Plant protein kinases work with growth regulators and nutrient signaling pathways, influencing cell cycling and proliferation. CDPK, MAPK, CIPKs, and CBLs are typically linked to various stresses and plant sugar signaling [93]. SWR1 and SWI2/SNF2/SnRK2 are involved in plant development and response to environmental changes and biotic and abiotic stress [94]. The interaction between T6P and SnRK1 (Plant ortholog of SNF1) significantly influences the control of plant carbon distribution and consumption [42]. SnRK1 also has a critical role in plant acclimation to various circumstances [95,96,97]. Down-regulation of CDPK in plants such as castor oil was reported to be linked with high sucrose content [98]. In the present study, DEGs synthesizing MAPK kinase members SnRK1, 2 in the maturing internodes of mutant clones were downregulated, suggesting high sucrose accumulation in the stalks.
In this study, the DEGs associated with auxin enzymes were significantly expressed in the immature internodes of GXB9 compared to B9 clone. Members of the SAURs (Small Auxin Up-regulated RNA) group have been found highly active in growing young tissues of sugarcane and are supposed to be helping growth and development with the help of auxin-induced acid [99]. In sugarcane immature internodes sucrose inversion is regulated by invertases to maintain the supply of sugar for metabolic purposes and invertases level is balanced by auxin [100]. In our study the auxins have highly expressed in immature internodes of high sugar clones which suggests their important role in sucrose metabolism which is consistent with previous studies cited here.

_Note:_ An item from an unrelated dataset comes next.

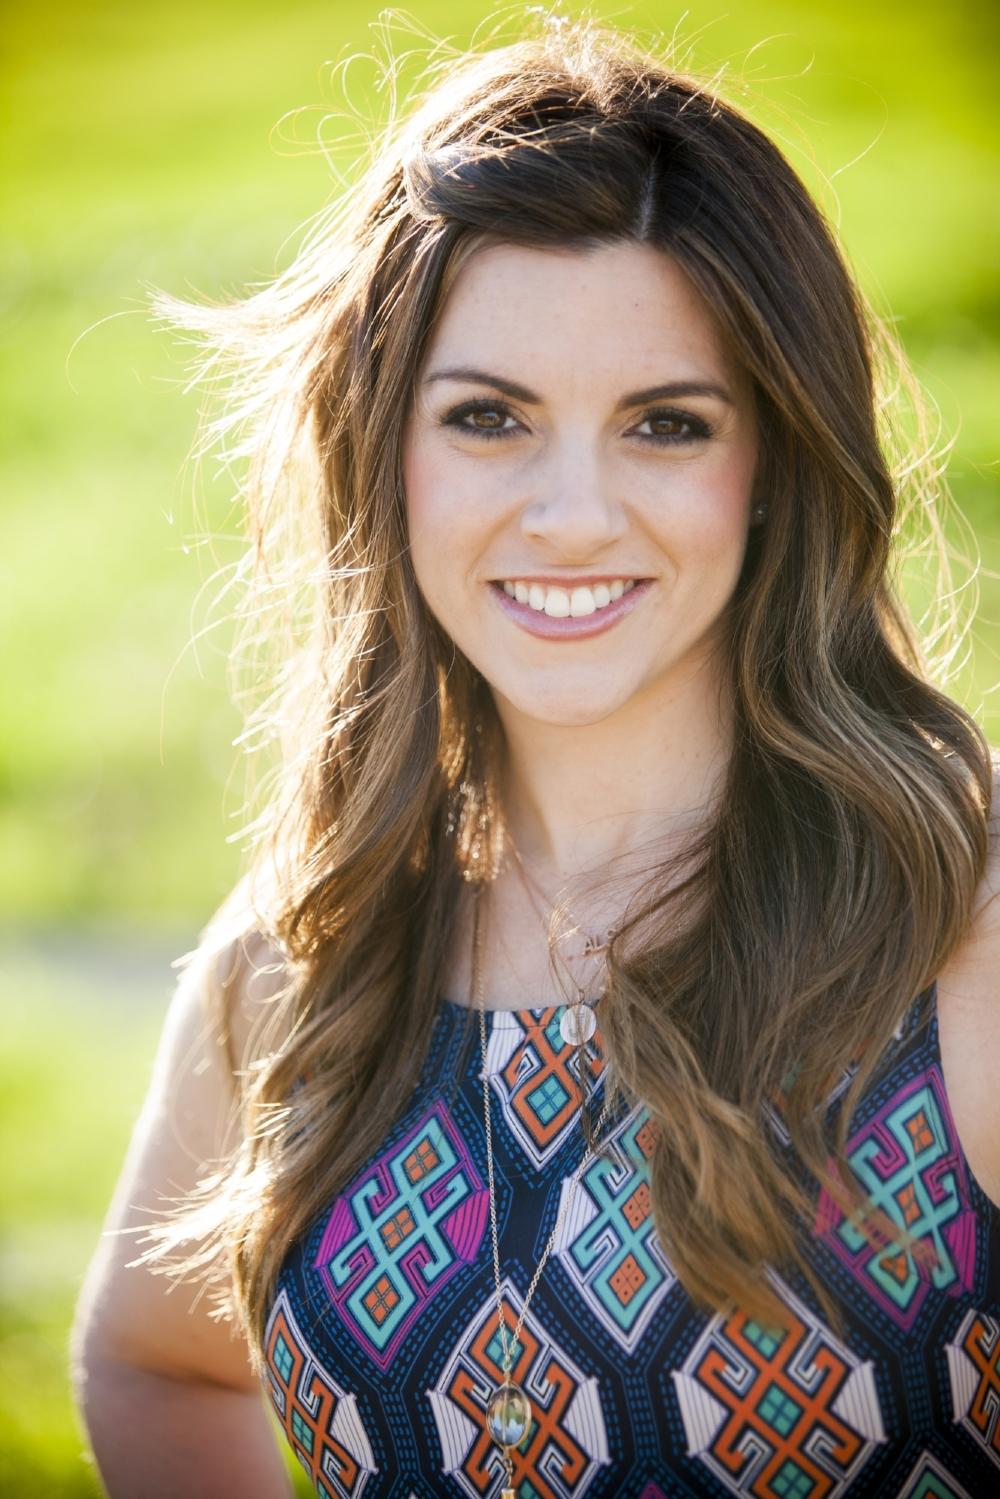 Alexandra Spitz - Host, Owner of The New Mom School

Ethylene plays a wide role including carbohydrate metabolism, sugar singling and increased sucrose accumulation in maturing internodes of sugarcane [101]. In current study, ethylene-associated DEGs particularly involved in sucrose and starch metabolism in maturing internodes of high sugarcane have been significantly upregulated, which shows their obvious role in sucrose metabolism.

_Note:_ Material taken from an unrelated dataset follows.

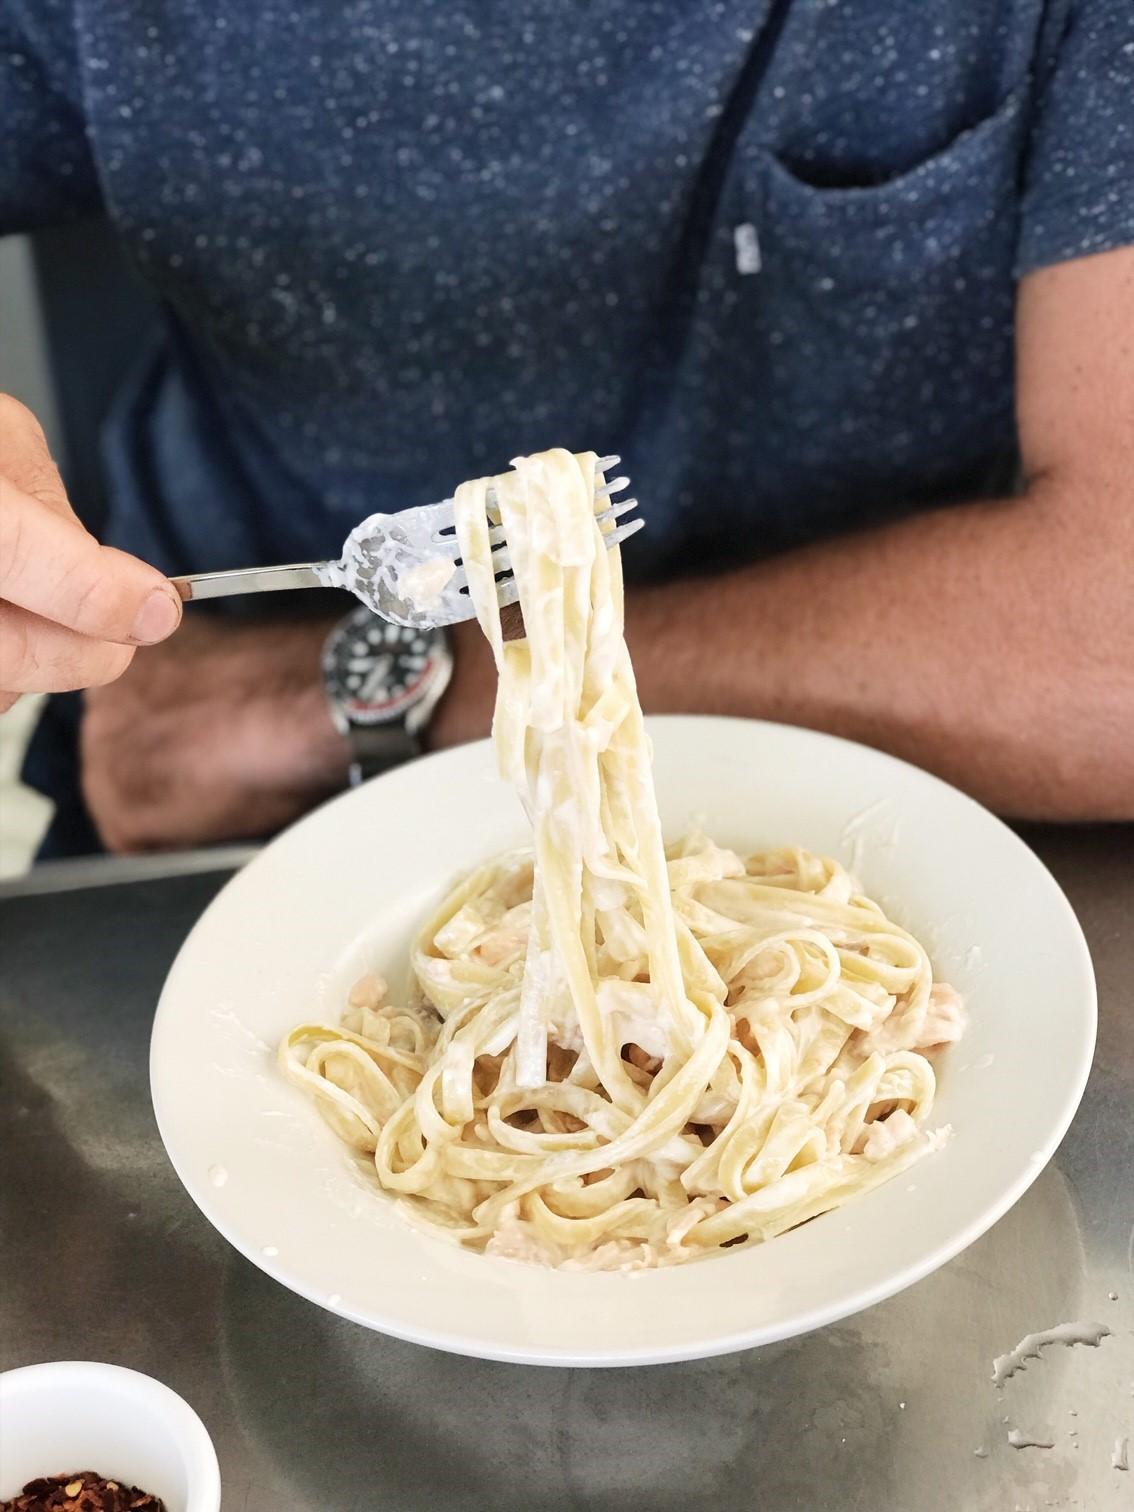 Where to go in Road Town - Fresh Pasta at Capriccio's

In a research, the foliar application ABA increased 15.5–20.9% the Brix level in sugarcane than control [102]. The significant expression of DEGs in high sugar sugarcane clone in current study, is suggesting that ABA contributes to various aspects including growth, development, sugar signaling and enhance sugar level.
Gibberellic acid is a multifunction phytohormone, such as plant growth, development, stress resistance, seed germination, stem elongation, leaf expansion, and carbohydrate metabolism [103]. GA 2-oxidase has been described as a plant growth regulator [104].GA3 plays important role in sucrose accumulation in sugarcane [105]. Several gibberellic acid-associated DEGs have found in immature and maturing internodes of high sugar clone of current study. It denotes that different members of gibberellic acid family have various roles in different tissues of sugarcane including sucrose accumulation. However, it is suggested to conduct further study on individual members of every family to get comprehensive elucidation.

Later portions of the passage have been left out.